При Родосе Деметрий вначале устроил атаку на гавань с помощью кораблей, надеясь отсечь морской город от союзников.
«Он начал готовить два навеса: один для камнеметных машин, другой для стрелометов. Каждый из них был привязан по сторонам к двум кораблям. Еще он построил две четырехэтажные башни, более высокие, чем башни гавани, каждая из них была установлена на два одинаковых корабля и привязана так, чтобы при движении вес распределялся равномерно. Он приготовил также плавучий частокол, скрепив прямоугольные брусья так, что когда они плыли, то защищали корабли от неприятеля, который мог бы подплыть и протаранить корабли, несущие машины. Когда все это было готово, он собрал наиболее крепкие суда, дополнительно обшил их досками, оборудовал щитами с бойницами, поставил в них трехпядевые стрелометы с наибольшей дальностью выстрела, и воинов, умеющих с ними обращаться, а также критских лучников. Затем, послав суда к берегу, он перестрелял тех людей на городских стенах, которые пытались надстроить крепостную стену» (Диодор Сиц. 20.85.1–3).

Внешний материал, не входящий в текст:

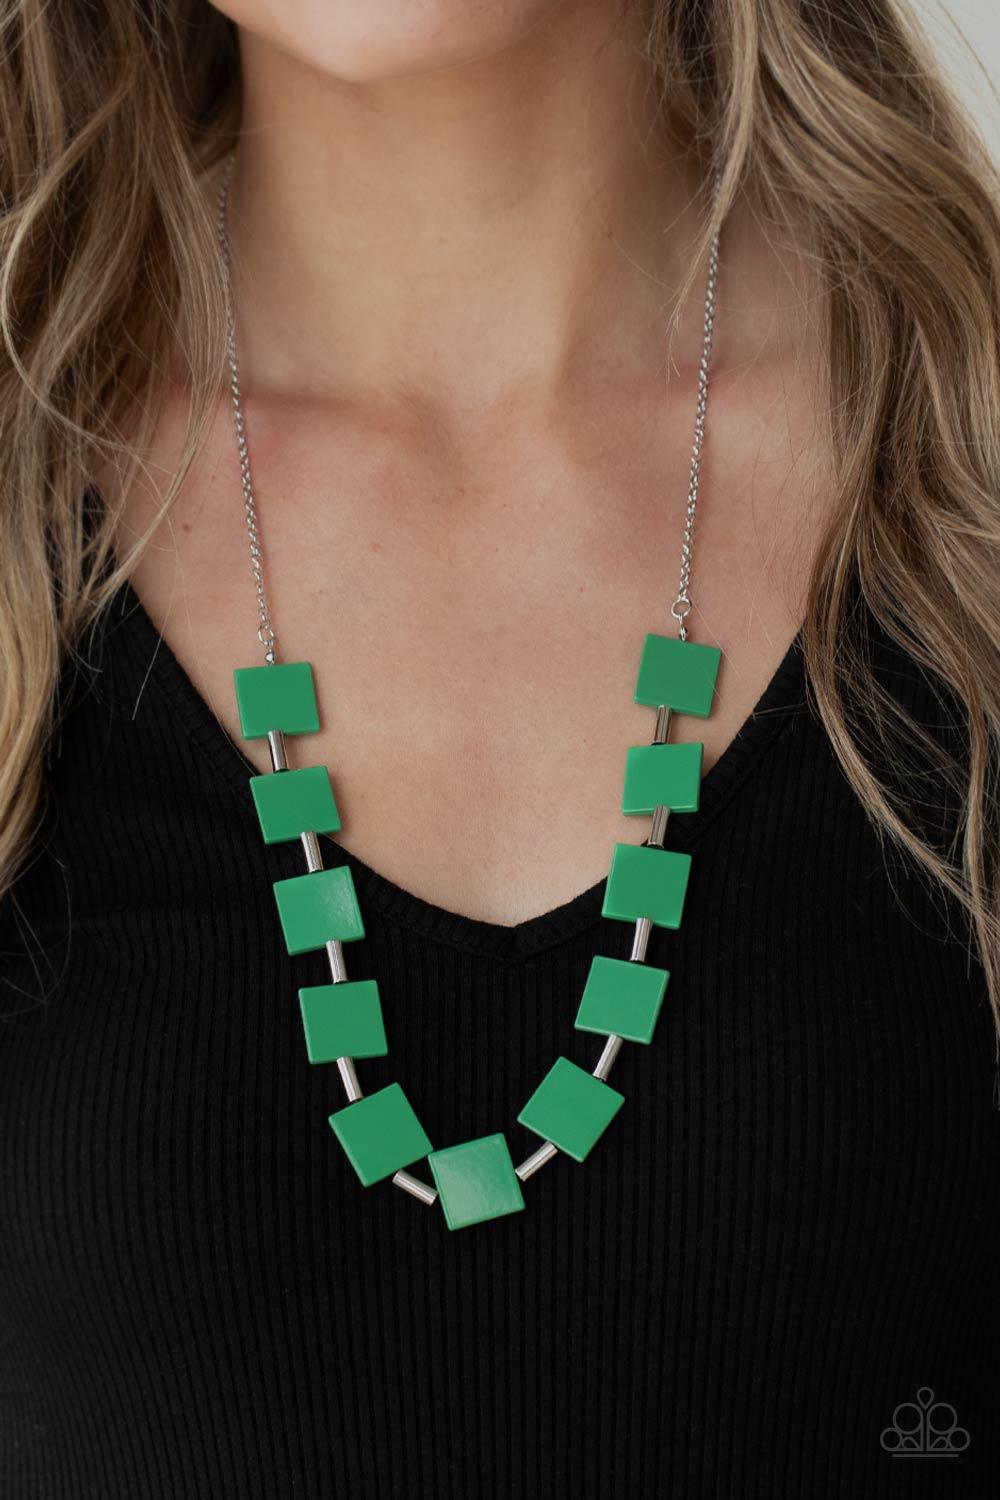 Paparazzi Accessories Hello, Material Girl - Green Vibrant geometric squares painted in the spring Pantone® of Mint flare out along a long silver chain as it drapes along the chest. Sleek silver cylinders separate the square plates, adding cool metallic a

Неспокойное море и активное сопротивление защитников раз за разом срывали атаки Осаждающего, так что ему не удалось захватить гавань. Перенеся свое внимание на береговую сторону крепости, Деметрий приказал построить гелеполь в дополнение к различным «черепахам» и галереям, но и тут был отбит. Даже гелеполь пришлось отвести назад, потому что родосцы подожгли его. Наконец Антигон посоветовал сыну заключить мир с городом. Витрувий, единственный из историков, рассказывает красочную историю, как родоский инженер по имени Диогнет помешал продвижению гелеполя, накачав в низину на его пути грязь и сточные воды. Огромная машина, по его словам, «завязла в топи и не могла двинуться ни вперед, ни назад» («Об архитектуре» 10.16.7).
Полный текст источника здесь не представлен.